“Growth is painful. Change is painful. But nothing is as painful as remaining where you no longer belong, or where you’re unable to be yourself and thrive.” Mandy Hall (paraphrased.)
Connect with people however you can, in whatever way feels natural to you: Talk, listen, perform, compete, create, laugh, pray, explore, share your truth, acknowledge the divine in yourself and in everyone you meet.
Respect people’s boundaries / quirks. Someone who “doesn’t fly” may have fear of enclosed spaces due to anxiety or past trauma. Someone who doesn’t drink may have had a parent who was an abusive alcoholic.
Don’t laugh, question or prod. If they want to talk about it, fine. Otherwise just accept their boundaries.
Take a CPR class together.
Emphasize importance of staying certified ( or making a habit of watching an online course every year on the same day, like the day after Thanksgiving or something like that.
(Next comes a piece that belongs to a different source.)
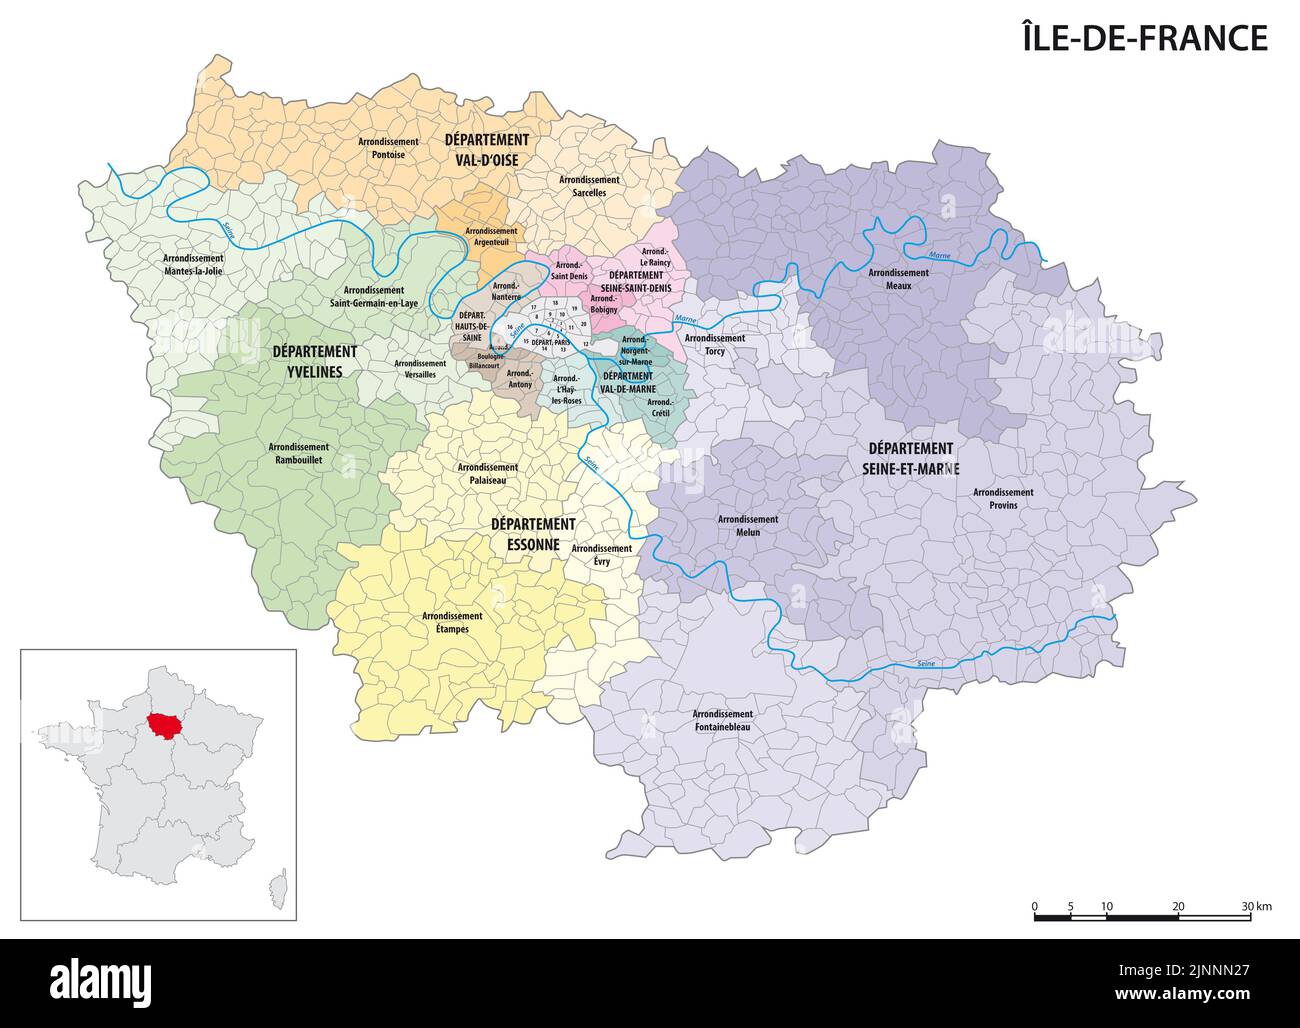 Mappa amministrativa dettagliata della regione Ile-de-France, Francia Foto Stock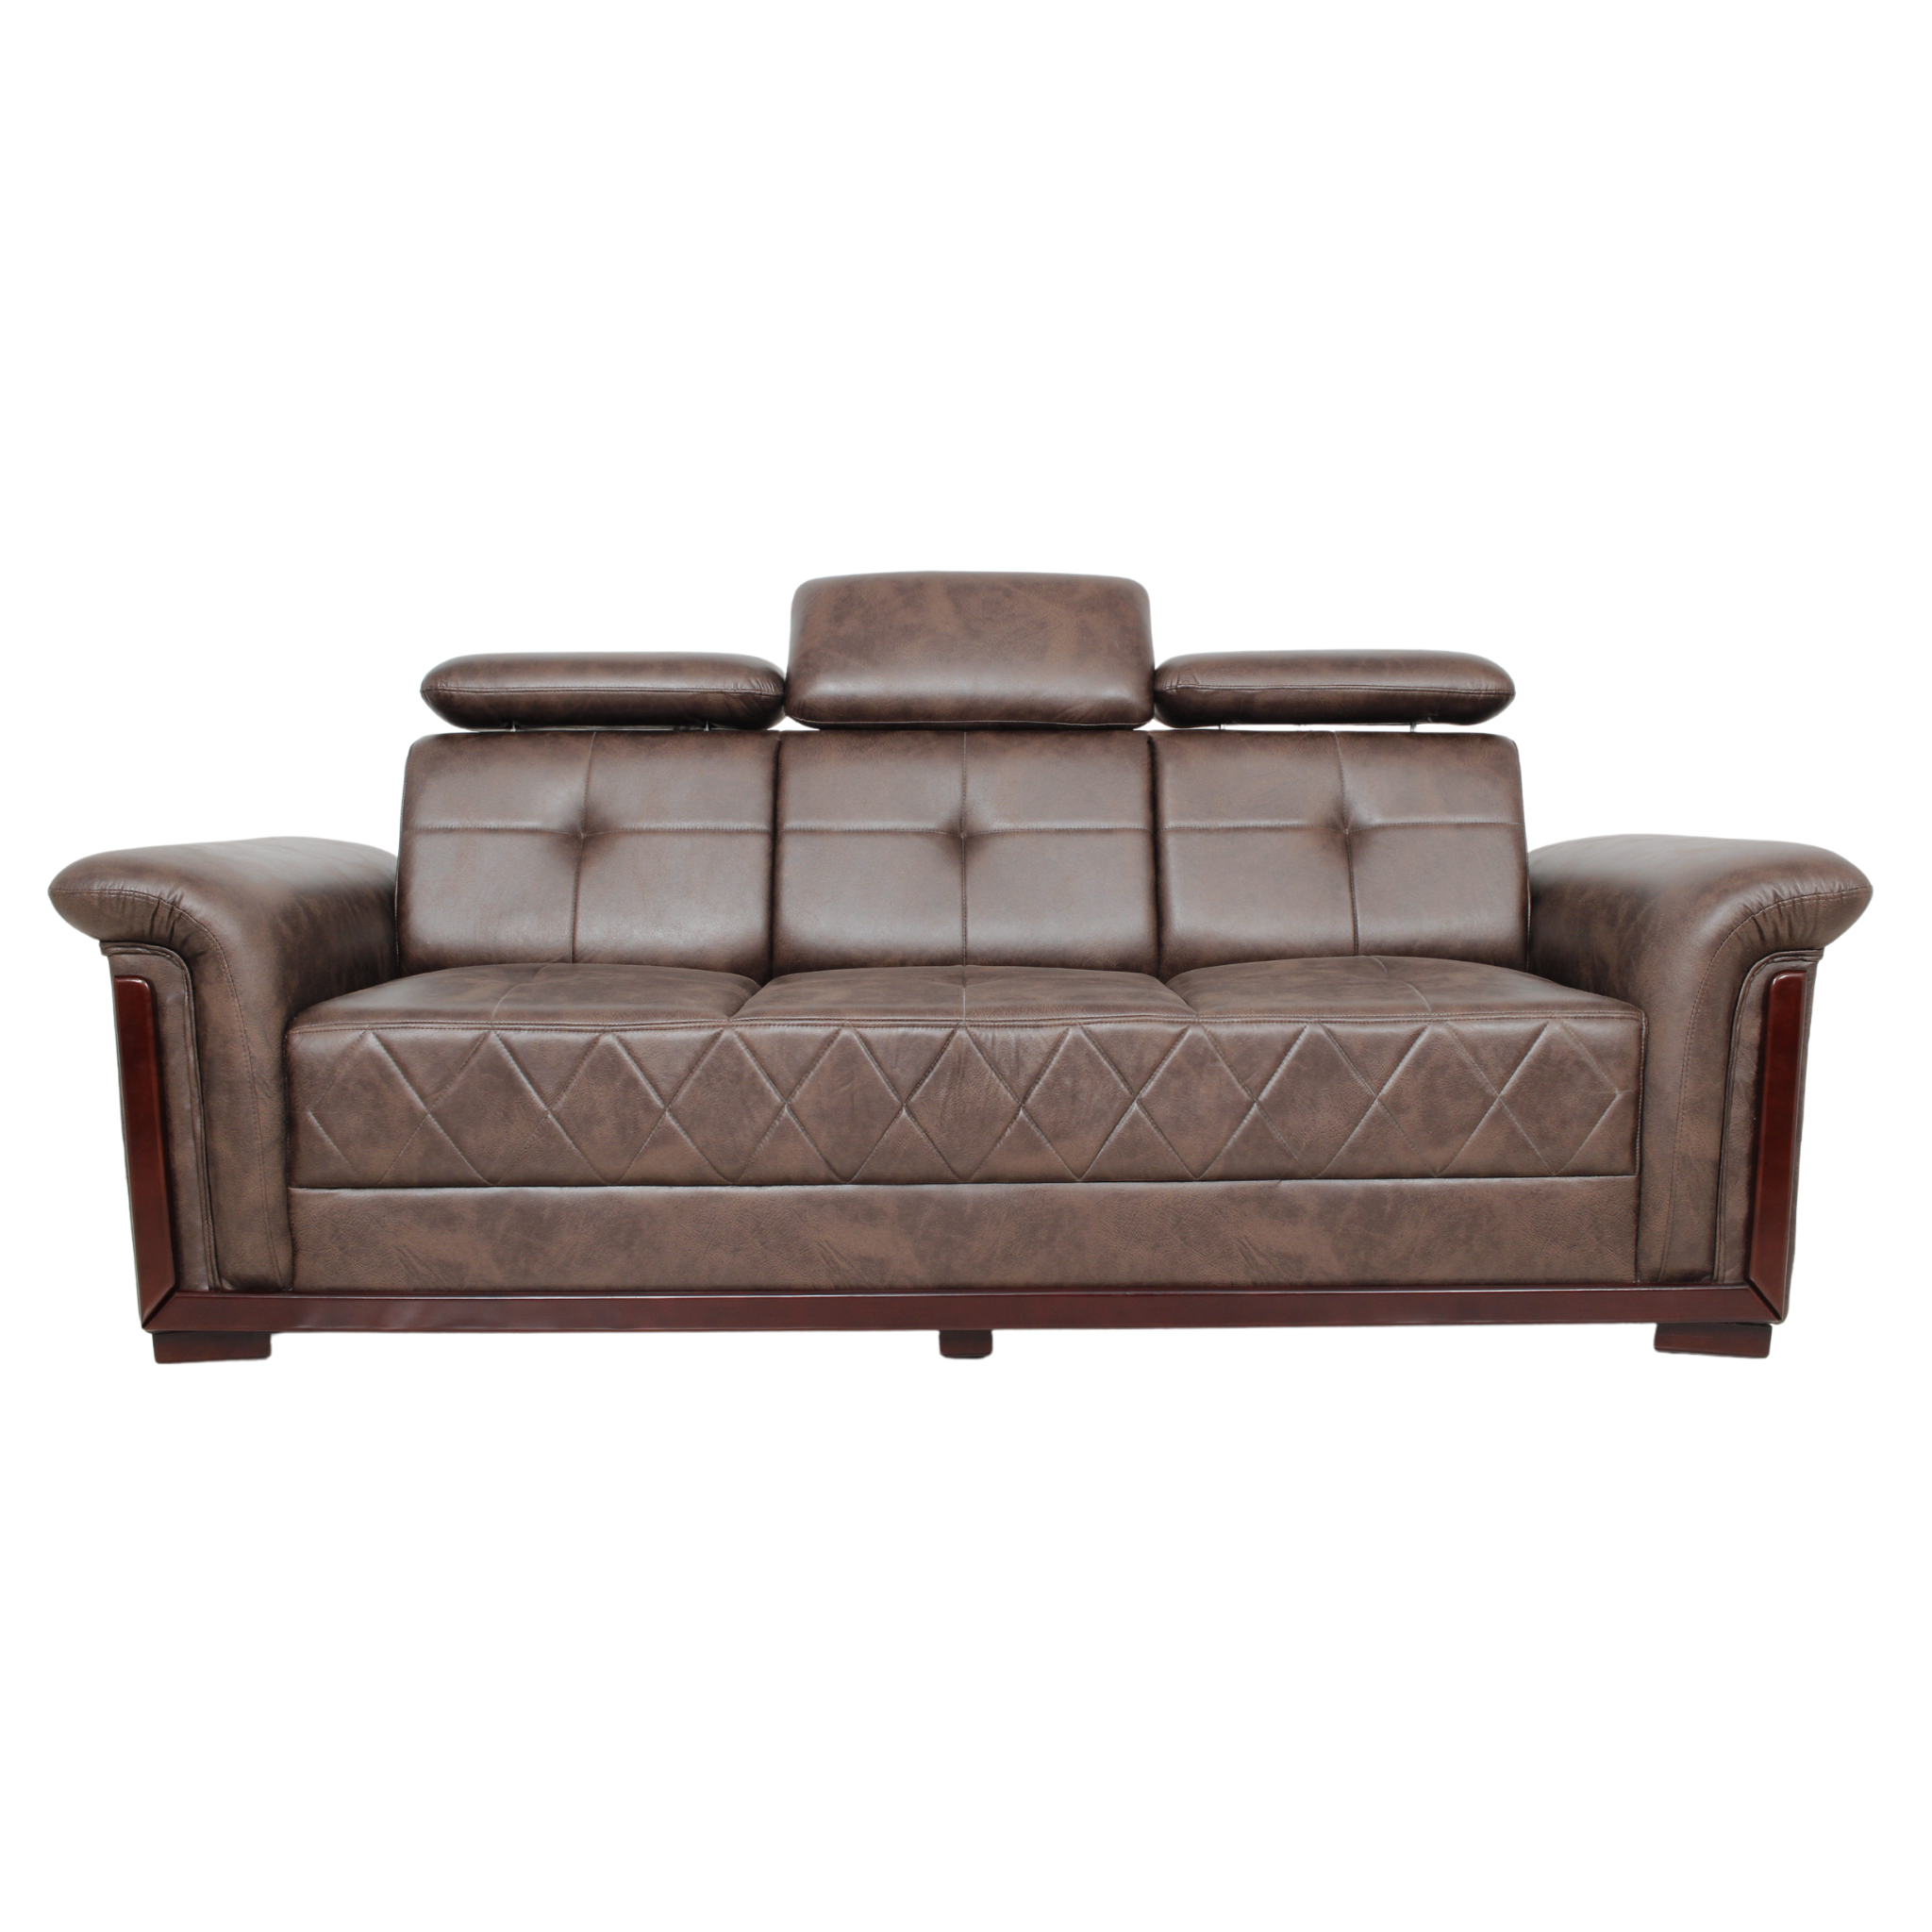 Aqua Plus Setty Leather Sofa

Discuss prescription (and OTC) medications. Doctors prescribe or recommend these medicines, they’re not for fun and should be taken seriously.
Discuss how medicines are obtained, never shared, which is dangerous and illegal.
Emphasize the risk of dependence.
Institute a “leave by” time instead of a curfew. That way they won’t panic / speed if something out of their control happens to make them late. “Leave Riley’s house by 10pm.”
Okay algebra and geometry but other than that, spend time practicing addition and subtraction, multiplication and division. That’s 99% of the math you’ll need to know if you’re not going to be an engineer, etc.
Say it early and repeat it often, so that it sinks way down deep: There is nothing you could do to make me stop loving you. No mistake, no failure, no decision, nothing. There is no hole so deep that if you fell into it I wouldn’t climb down to help you out of. I love you no matter what.
Work towards your goal. If you screw-up, fix it. The worst thing you could do is give up just because you made a mistake. Nobody’s perfect. Keep going!